An example situation is shown below: The imagefusion framework requires arpack for performing some mathematical computations. The availability of this external library is not checked during the CMAKE process and also during the MAKE process. So the CMAKE and MAKE process will work without any issues. Since this is included as a dynamic library, the availability of this library is only checked and required during the run time i.e. during the execution of the utilities. If it is not available then the execution of the utility will throw an error stating that the library is not found and needs to be installed. In this case the missing library (.dll) file can be searched in MSYS2 pacman and the missing package can be installed.

The below command shows how to search for a particular package and to install the package.

pacman -Ss arpack

Executing the above command in MSYS2 MSYS will search for arpack package and show the results.

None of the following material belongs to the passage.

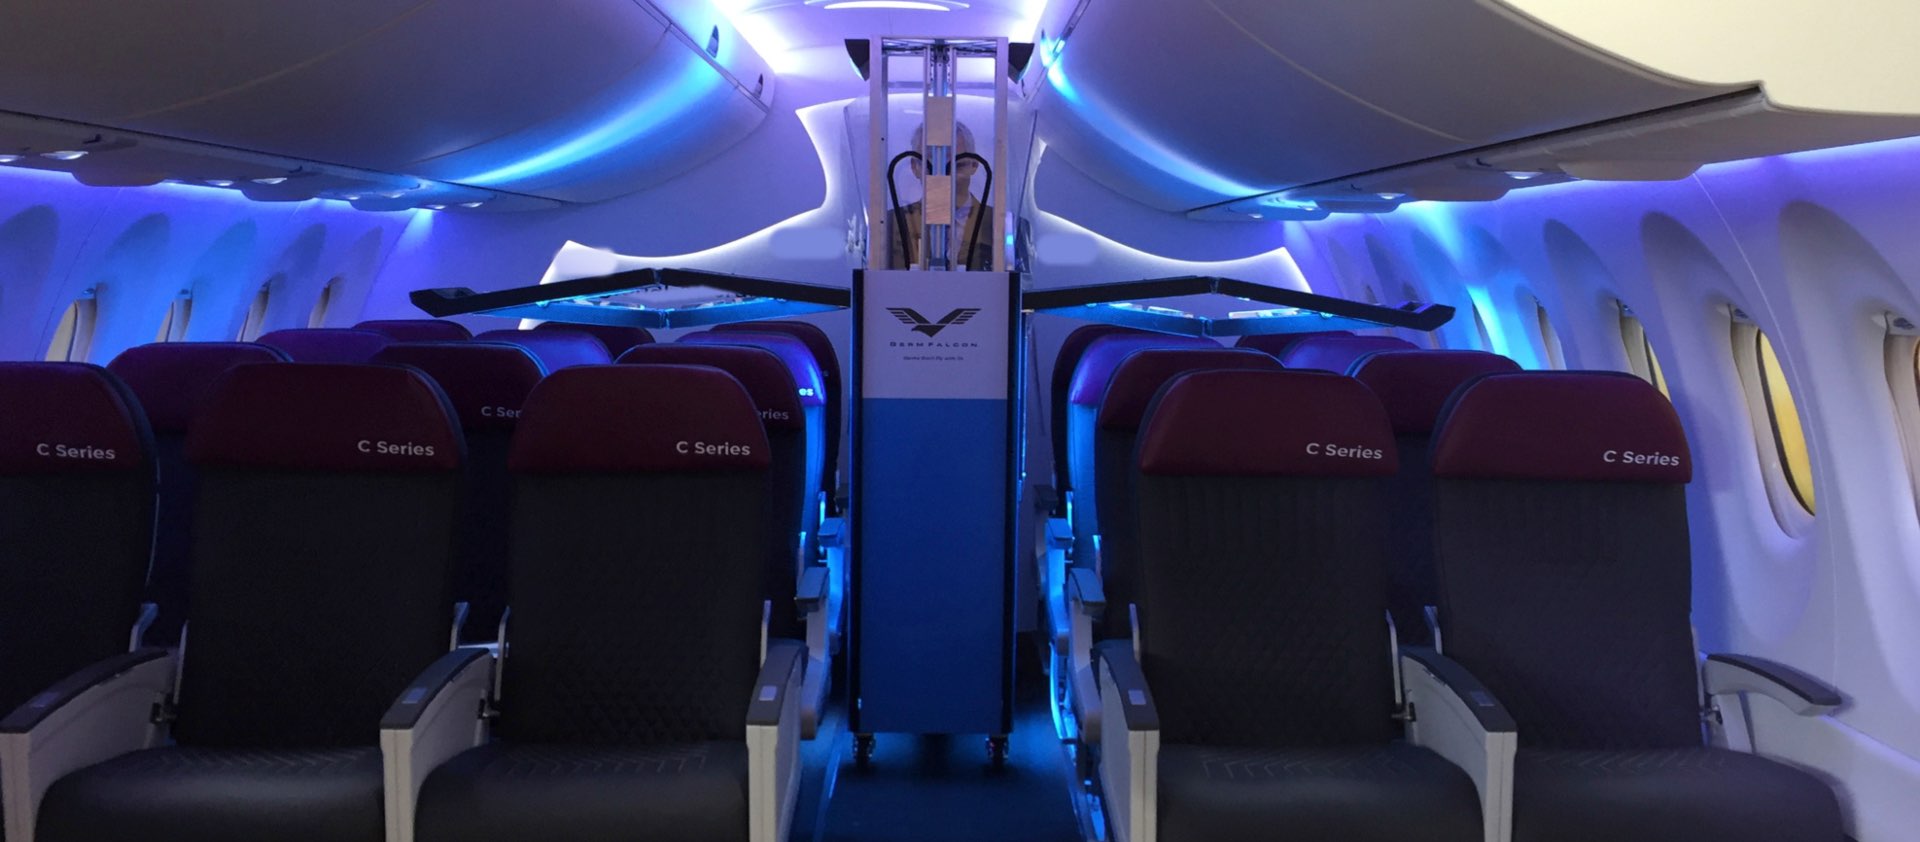 Rayos UV para desinfectar una cabina de avión.

The result will look like:

mingw32/mingw-w64-i686-arpack 3.5.0-1
        Fortran77 subroutines designed to solve large scale eigenvalue problems
        (mingw-w64)
mingw64/mingw-w64-x86_64-arpack 3.5.0-1
        Fortran77 subroutines designed to solve large scale eigenvalue problems
        (mingw-w64)

Two versions of arpack packages are available. Based on the user preference, the user can install either of the versions by simply executing the following command.

# For 64 bit version
pacman -S mingw64/mingw-w64-x86_64-arpack
# For 32 bit version
pacman -S mingw32/mingw-w64-i686-arpack

The above instruction holds valid for any issues arising due to missing packages.

Recommended IDEs

If you like to contribute to the project, we recommend you the following IDEs

  • QT Creator: Just open the CMakeLists.txt as project file. QT Creator can be installed on Windows with MSYS2 on linux from the repositories.

  • Eclipse: Download from eclipse.org the package "Eclipse IDE for C/C++ Developers" and install or run. Then generate eclipse project files:

    cd ..
    mkdir imagefusion-eclipse
    cd imagefusion-eclipse
    cmake ../imagefusion -G"Eclipse CDT4 - Unix Makefiles"

    These steps work similarly with the CMake-GUI in Windows. Now you have .cproject and .project files, which you can import with eclipse.

License

See the license file for license rights and limitations (BSD-3).